Тысяча и один призрак (Сборник повестей и новелл) - Дюма Александр. Страница 113

Это был веский довод. Надо было торопиться жить, так же как торопились убивать.

И люди шли.

Нечего и говорить, что самым посещаемым местом было то, где велась игра. Именно здесь получали то, на что можно было приобрести и все остальное.

Среди всех горевших огней именно красный фонарь номера 113 бросал самый яркий свет: то был громадный глаз пьяного циклопа по имени Пале-Эгалите.

Если у ада есть номер, то этим номером может быть только 113.

О! Здесь все было предусмотрено.

На первом этаже был ресторан; на втором этаже велась игра: в груди здания, что вполне естественно, билось его сердце; на третьем этаже было то, на что можно было израсходовать силы, приобретенные на первом, и деньги, выигранные на втором.

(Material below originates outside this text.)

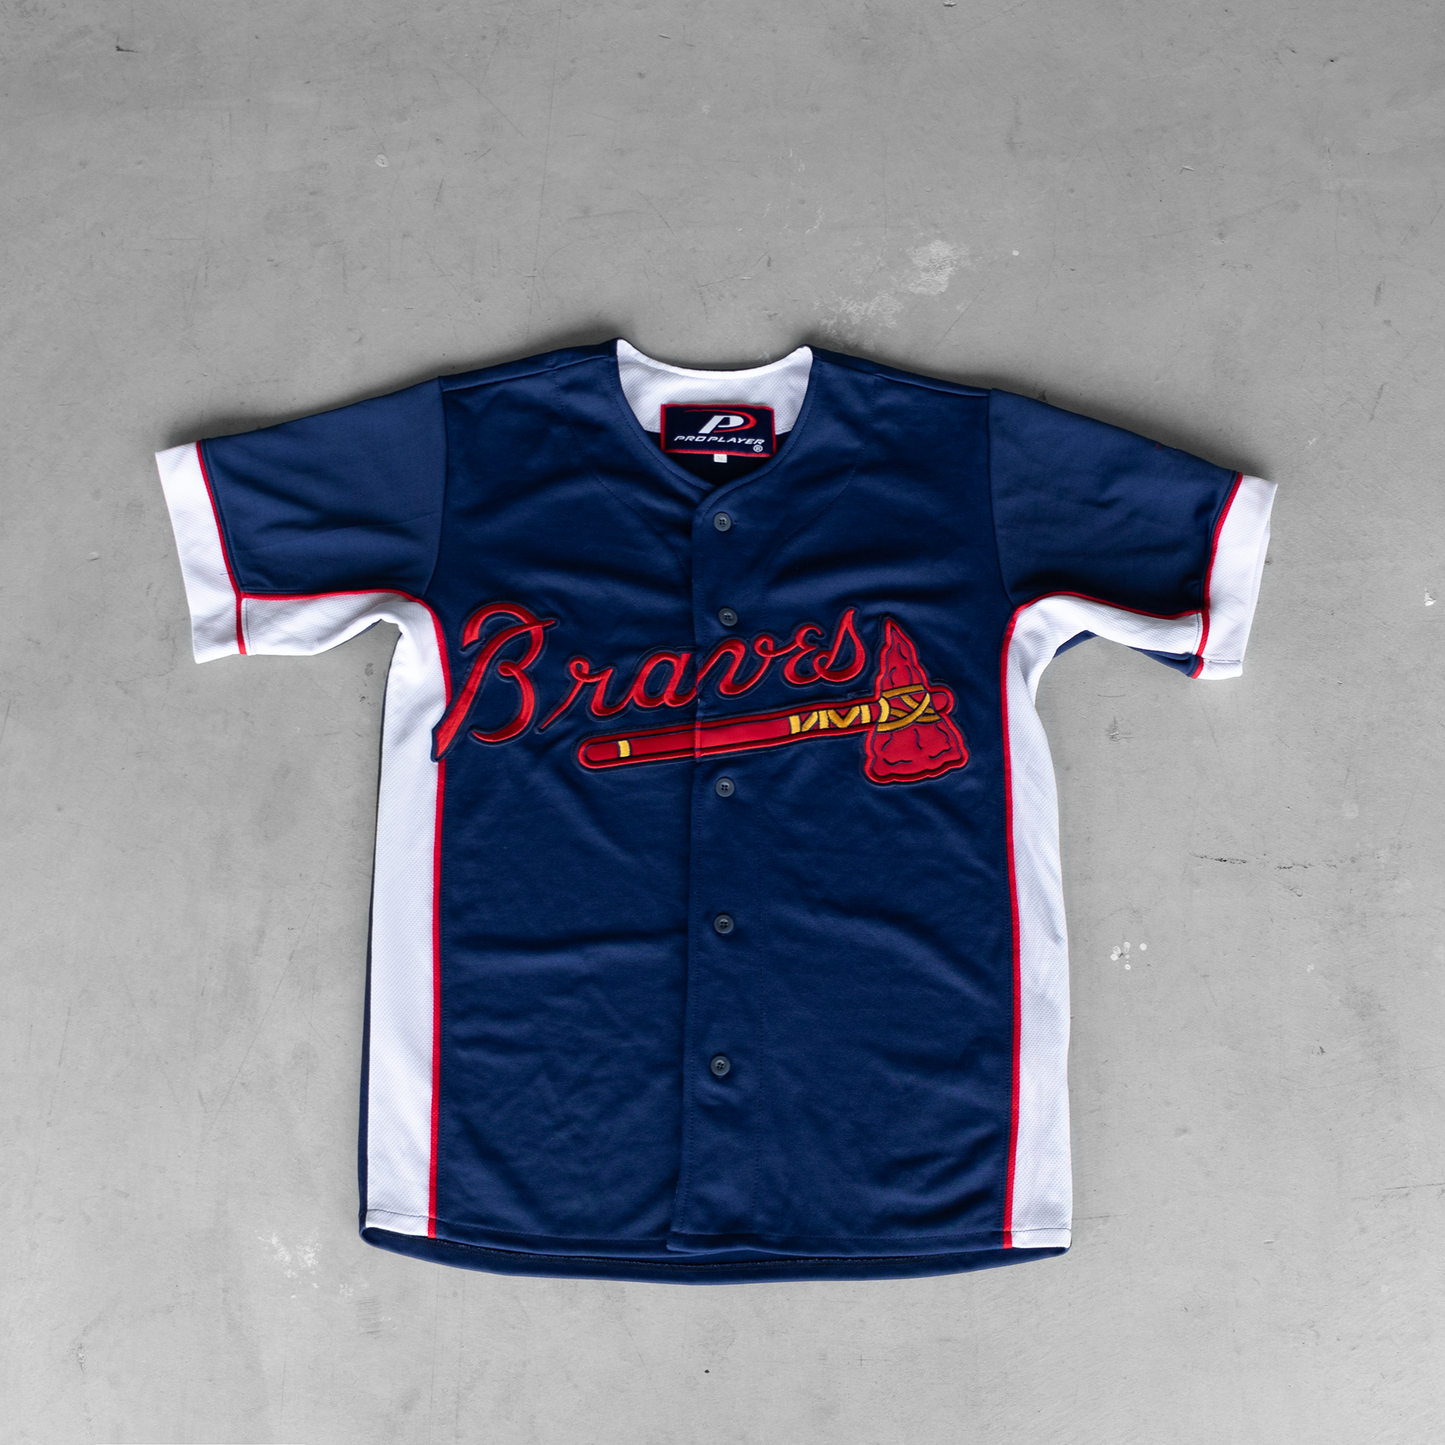 Vintage MLB Pro Player Atlanta Braves Baseball Jersey (M)

Повторяем: все было предусмотрено и устроено так, чтобы деньги не уходили из здания.

И вот к этому-то дому спешил Гофман, поэтичный возлюбленный Антонии!

Номер 113 тогда был там же, где он находится и сегодня: около магазинов торговой фирмы Корселе.

Гофман выпрыгнул из экипажа, вошел в галерею дворца и благодаря одежде иностранца (в то время, как и в наши дни, она внушает больше доверия, нежели костюм национальный) его немедленно облепили все божества тех мест.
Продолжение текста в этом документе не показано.